Today the Lancet published a report on the early results of a trial of a treatment based on cells derived from human embryonic stem cells. Download here.
The article reports on a trial conducted by the Jules Stein Eye Institute at UCLA and funded by the biotech company Advanced Cell Therapies (ACT). The FDA has approved three clinical trials using cells derived from human embryonic stem cells. The first, and most famous, was the Geron trial for spinal cord injury. In November 2011, Geron stopped that trial after treating four patients. Meanwhile, with much less publicity, ACT had received approval to start two different clinical trials to treat macular degeneration, a leading cause of blindness. The first trial focused on a rare, genetic, early-onset version of the disease, known as Stargardt’s macular dystrophy. The second approval was for a treatment of the more common form of the disease, macular degeneration, dry type. (Wet type macular degeneration makes up about 10 percent of the cases, and, unlike dry type, does show some response to drug treatments.) All forms of the disease involve the death of cells in the retinal pigment epithelium (RPE) of the eye.
The Lancet piece reports on two – and only two – patients. One patient had Stargardt’s macular dystrophy and the other had macular degeneration, dry type. Last July the UCLA researchers transplanted about 50,000 RPE cells that ACT had derived from human embryonic stem cells into the subretinal space in one eye of each of the two subjects.
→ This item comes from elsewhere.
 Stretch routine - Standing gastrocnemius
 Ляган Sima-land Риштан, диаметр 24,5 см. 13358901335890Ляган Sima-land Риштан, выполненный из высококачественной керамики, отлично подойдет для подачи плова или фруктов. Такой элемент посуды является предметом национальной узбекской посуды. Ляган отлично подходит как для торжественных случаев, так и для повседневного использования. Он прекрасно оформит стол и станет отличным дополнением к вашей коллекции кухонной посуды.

The trials are primarily intended to show the safety of the process and the article says that, so far, they are safe. But the article also says that the two trial subjects had some improved vision in their treated eyes, but not in their untreated eyes. Although the improvements in their vision were not great, each subject reported that she found the improvements personally useful.
What does it mean?
My advice – wait and see. This may or may not means that these cells will be safe, or effective, in treating these diseases, let alone that other cells derived from human embryonic stem cells will be safe and effective in treating other diseases. And, even if these and other trials do work, it may or may not mean that any eventual treatments will use human embryonic stem cells, human adult stem cells, human induced pluripotent cells, or some other form of stem cell.
But, this clearly is some good news for those hoping for treatments from human embryonic stem cells. Granted, it is only a little good news. A report on four months of treatment in two patients, with two related but different diseases, cannot bear heavy reliance. That’s too few patients for too little time to be too exciting. But it is, at least, a little exciting – and in a field that saw its first approved clinical trial stopped two months ago, even a little exciting news is very welcome
When California passed Proposition 71 in November 2004, I was quoted saying that I would be disappointed if there were not some human clinical trials within 5 years and would be further disappointed if there were not some treatments emerging within 10 years. I did not count on the three year delay in funding from that Proposition caused by frivolous litigation (and courts unwilling to act promptly to dismiss those claims). Given that CIRM funding did not really start until 2007, I’m going to take (some, little) heart from this report.
Just as these two research subjects have not had normal vision restored, it is far too early to say that that the vision of a medicine transformed by stem cells will soon, or even, be a reality. But, as with these two subjects, it does seem fair to say that these trials have cast at least two rays of light into the gloom.